The Book NestFor more of this review, see Birds’ Books a blog written by Amanda Bird, proprietor of The Book Nest, a stall in the Indulge antique mall in Springfield, Oregon. Amanda invited me to be the featured author at The Book Nest’s “Lunch with an Author” on Thursday, October 2, at noon.

 

FARM AND FAMILY

RG p1June 29, 2014 – Elkton – Five years ago, on a ridge overlooking the Umpqua River a few miles south of here, Janet Fisher built a house on the same farm her great-great-grandmother, Martha Poindexter Maupin, had bought for herself and her children 140 years before.

The two women had more in common than Fisher realized until she embarked on a quest to learn who her ancestor really was. The search introduced her to a rich family history she never knew existed and yielded a book, “A Place of Her Own,” a title that applies equally to both women.

“For more than two years, I walked in Martha’s shoes, saw the world through her eyes and lived her life,” Fisher said. “All the historical material that I found, and the research that other relatives had done, gave me a basic skeleton to work with.

“My job was to fill in the gaps and re-create Martha’s story.”

–Randi Bjornstad, The Register-Guard, Eugene, Oregon

ONE OF ALUMNI BOOKS TO CAPTURE THEIR IMAGINATIONS

A classic pioneer woman’s story, as told by her great-great-granddaughter. Fisher, who earned her master’s degree in journalism at the UO, now owns the century farm her ancestor purchased–as a single mother in 1866.

Oregon Quarterly, University of Oregon Alumni Magazine, Eugene, Oregon

SELECTED FOR BOOK NOTES

A historical novel about an early Oregon pioneer, Martha Poindexter Maupin, and the farm and town that are her legacy.

Oregon Stater, Oregon State University Alumni Magazine, Corvallis, Oregon

PRE-RELEASE COMMENT

“I gobbled the book in one sitting, shed some real tears with and for you and Martha along the way, and enjoyed it all tremendously. You are a fine storyteller, and Martha’s story is full of such rich detail.”

So said Kathy Westra, a writer for the American Forestry Foundation magazine, Woodland, after reading A Place of Her Own. Her story will appear in the summer issue of Woodland.

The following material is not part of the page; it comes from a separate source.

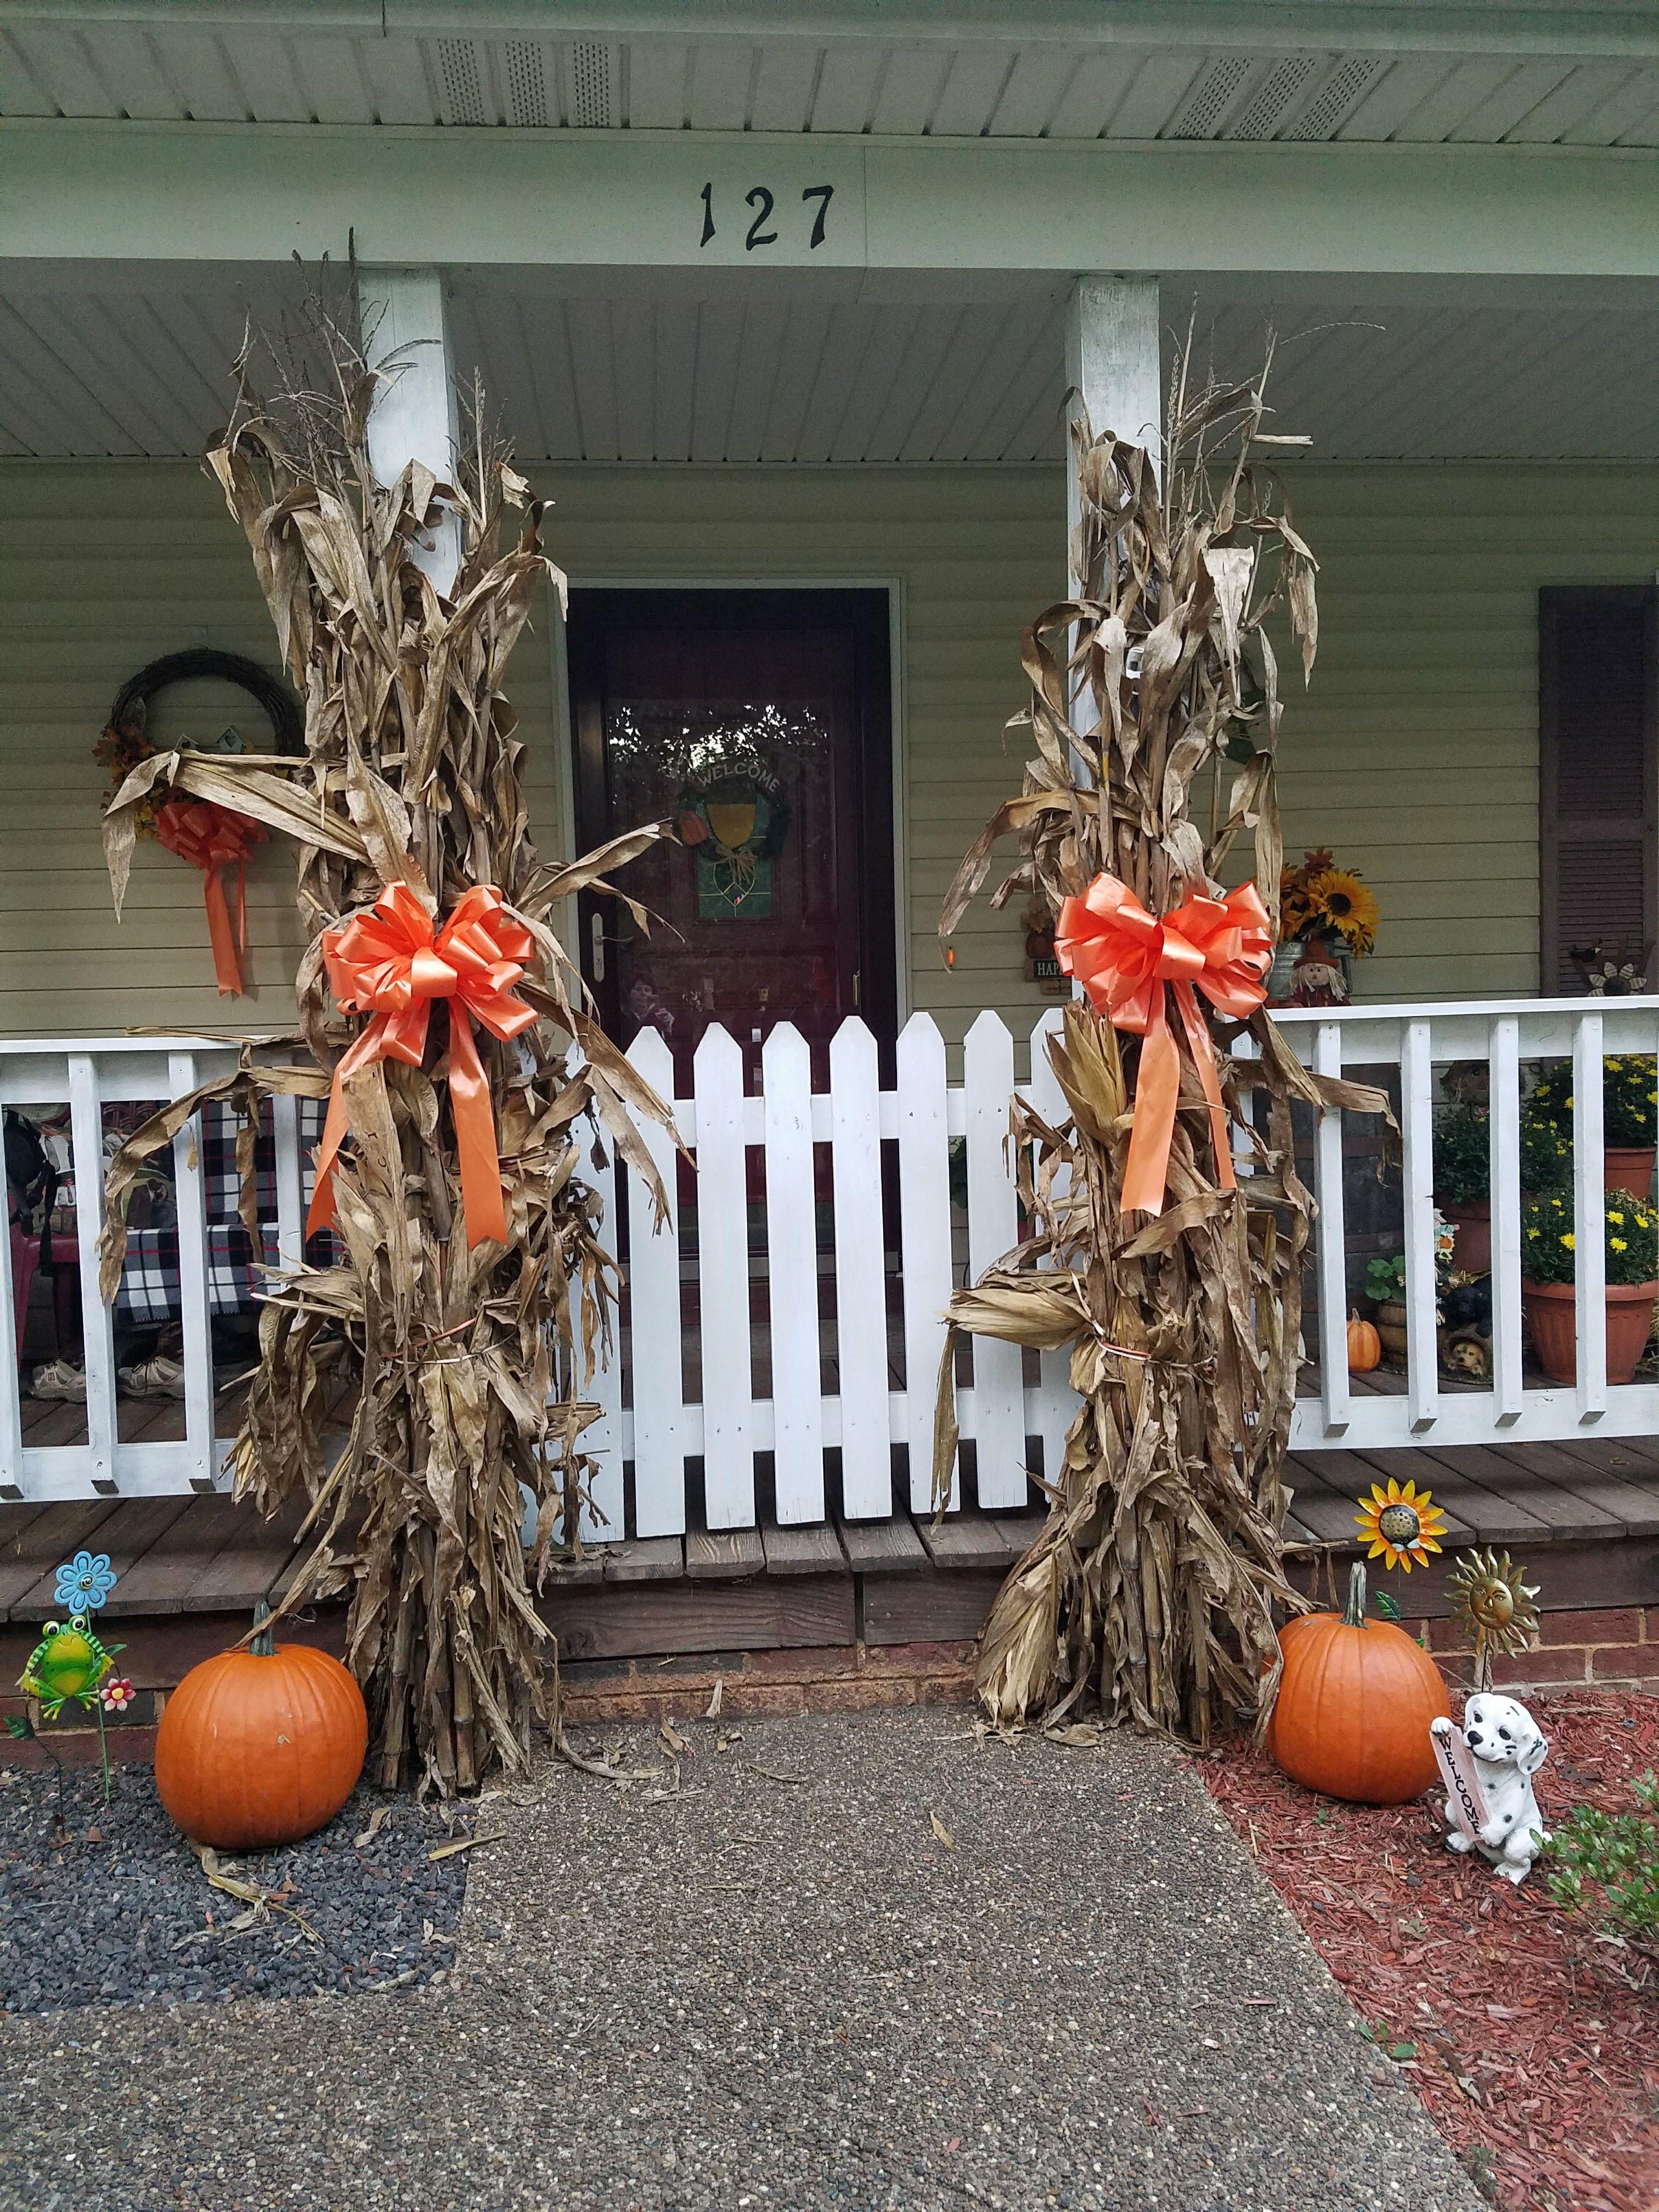 Cornstalks and pumpkins on our front porch 2016 #fallfrontporchdecor
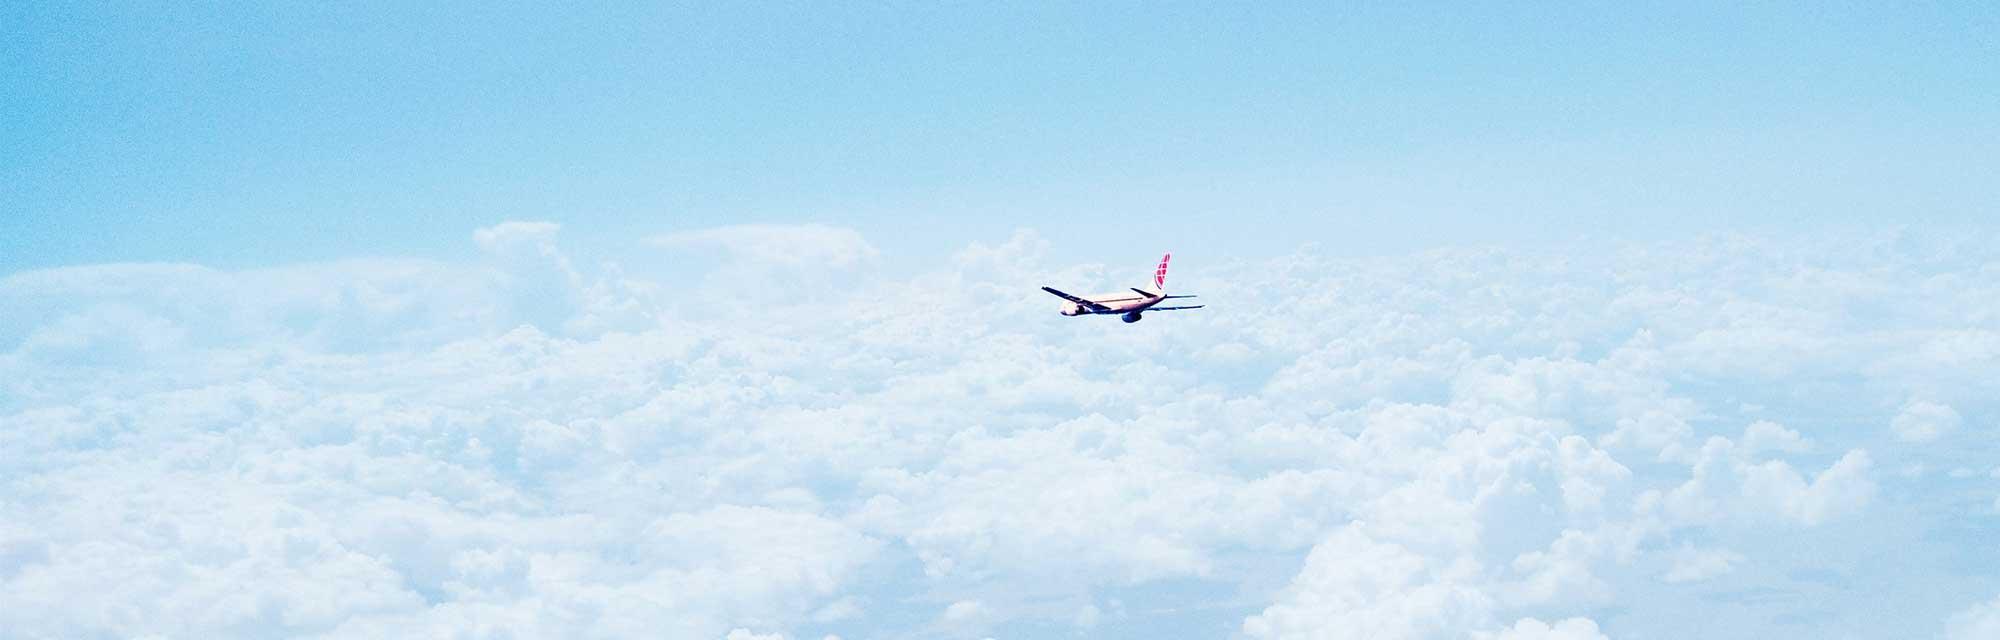 airplane flying in blue sky

This feels like my first review. 🙂

2 Comments

  1. Maxci Jermann

    My husband and I just finished your book “A Place of Her Own”. Thank you for sharing such personal family information. Question: we thought your homestead was Maupin, Oregon. Did someone in your family settle there? The city near Mt. Hood.

    • Thank you for your comment, Maxci. As you saw in the story, Martha’s farm is on the west side of the Cascades in Douglas County. Maupin, Oregon, on the east side, was named for her brother-in-law, Howard Maupin. You met him in the story (pp. 66-67), one of Garrett’s rather colorful older brothers. Howard and his family came west in 1852, a couple of years after Martha and Garrett. Howard claimed land in Lane County right next to Martha and Garrett’s claim. Howard became restless, perhaps for some of the same reasons Garrett did. But Howard decided to try Eastern Oregon. That’s mentioned in the book too. And there’s another little dash of Howard history from my own perspective on pages 31-32. Because of the town’s name, quite a few people expected Martha’s farm to be near there, but no. Lots of Maupins on the west side too.